Professor D. Birkett, the author of the article, comments: These letters reveal the complexities and sometimes lack of good data in the use of therapeutic drug concentration ranges. For example, Dr Paterson states that therapeutic drug monitoring for vancomycin is not useful, whereas Dr Faoagali considers that a 'trough level between 5 and 10 or 15 mg/L must be maintained for efficacy'. With the move to once daily dosing for aminoglycosides, the best method of monitoring to avoid toxicity is not clear, and the current uncertainties are well discussed in the 9th edition of the 'Antibiotic Guidelines'. As noted by Dr Paterson, a number of methods for monitoring of once daily dosing have been proposed on pharmacokinetic grounds, but the clinical relevance of these has yet to be established. It does seem clear that a trough concentration of 2 mg/mL for patients with normal renal function is too high, but the situation is less clear for patients with reduced renal function where the dose size and peak concentrations are reduced. Also, once daily dosing is not suitable for all situations as noted in the 'Antibiotic Guidelines'.

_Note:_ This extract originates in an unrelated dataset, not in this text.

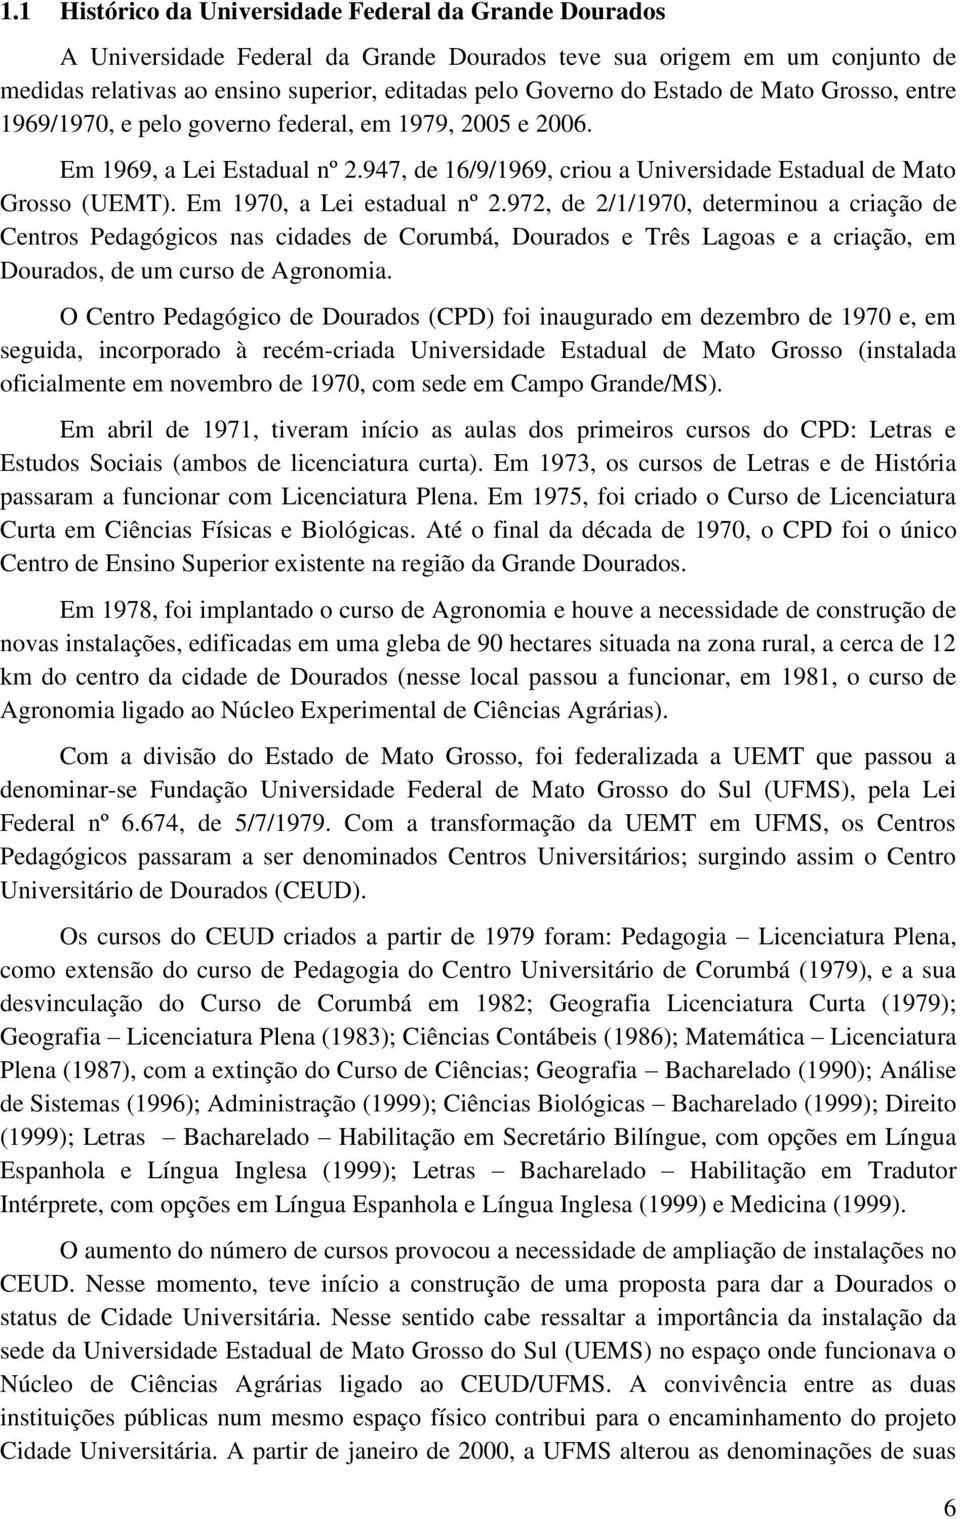 Em 1970, a Lei estadual nº 2.972, de 2/1/1970, determinou a criação de Centros Pedagógicos nas cidades de Corumbá, Dourados e Três Lagoas e a criação, em Dourados, de um curso de Agronomia.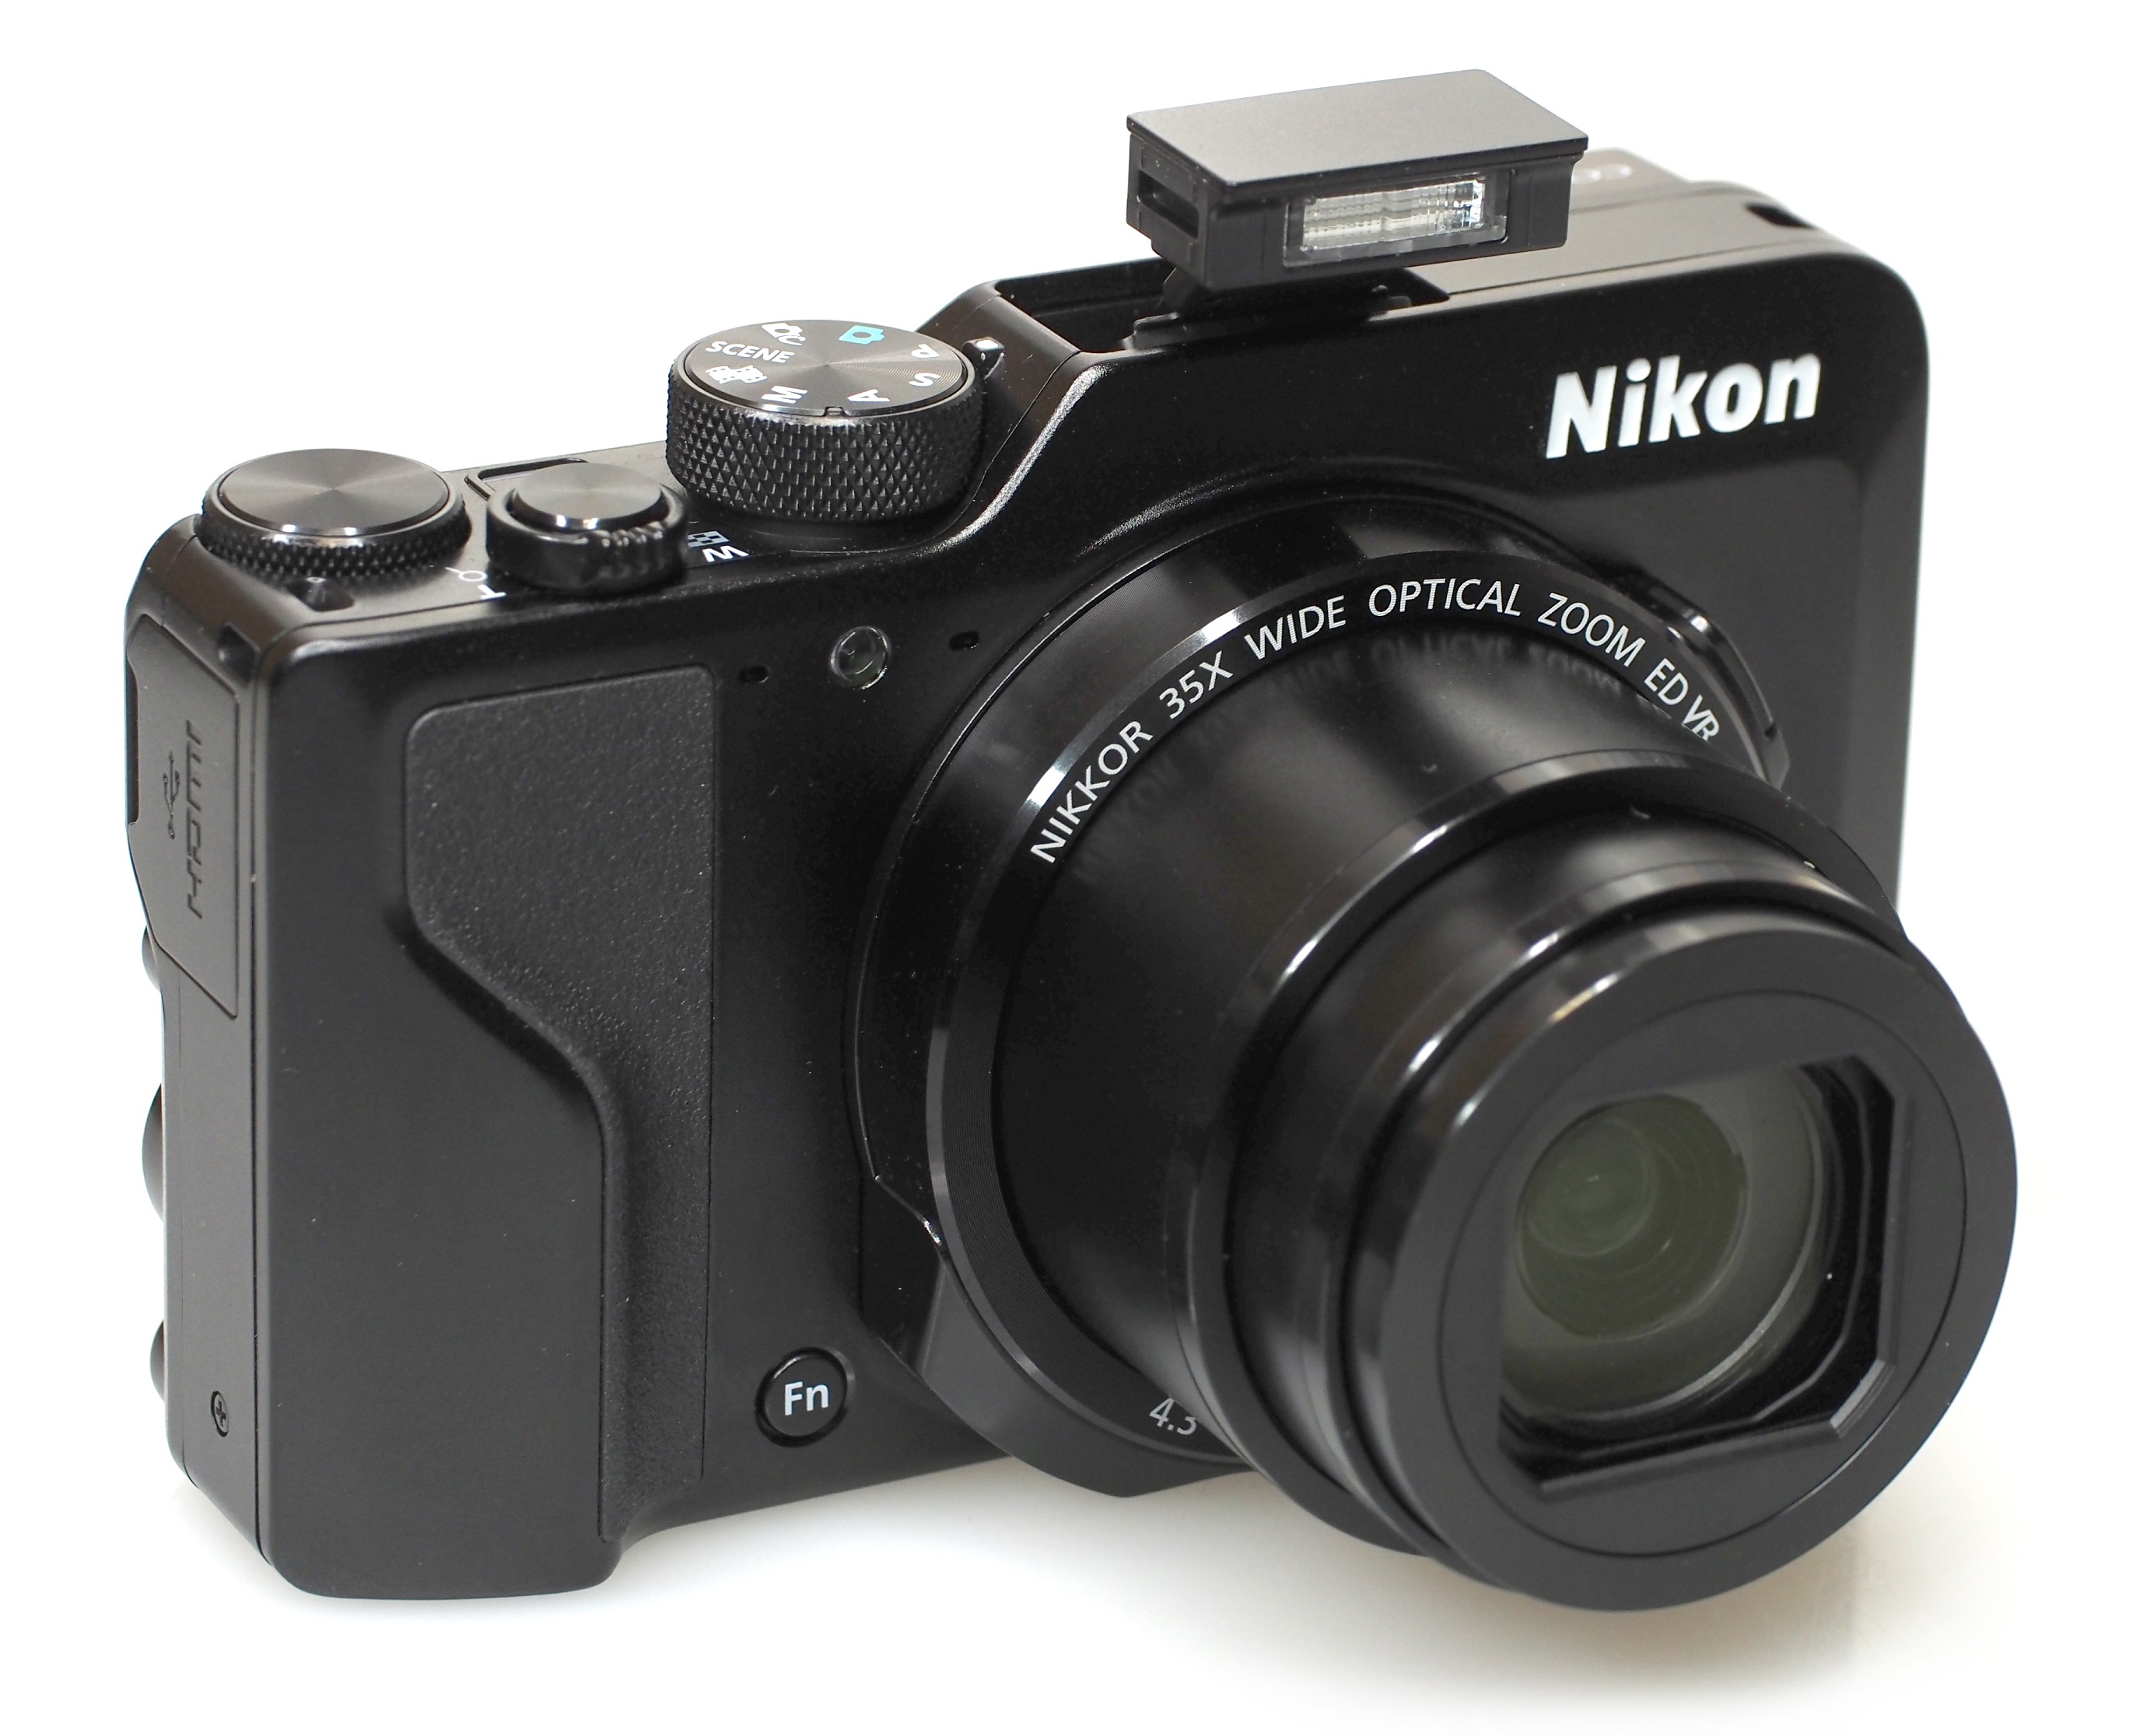 Nikon Coolpix A1000 Review

Dr Grounds has taken me to task over the therapeutic range for lithium. In preparing the article, I found as many therapeutic ranges for lithium as there are laboratories and reference sources. There are several general points that are relevant. The first is that reference ranges are often established by small studies with small numbers of patients and often many years ago. The extrapolation to the wider patient population needs some caution. The second is that drug concentrations need to be interpreted in the clinical context of individual patients - there is substantial interindividual variability in the relationship between drug concentration and therapeutic response or adverse effects. Finally, as noted in the article, the concentration-response relationship is not all or nothing, but is a continuum (see 'Pharmacodynamics- the concentration-effect relationship' Aust Prescr 1995;18:102-4). The therapeutic range represents an attempt to choose a drug concentration range which optimises the chance in a patient population of having a therapeutic effect with an acceptable incidence of adverse effects.

I thank your correspondents for their remarks which draw attention to the need to consider therapeutic concentration ranges as a guide to be interpreted in the context of the individual patient.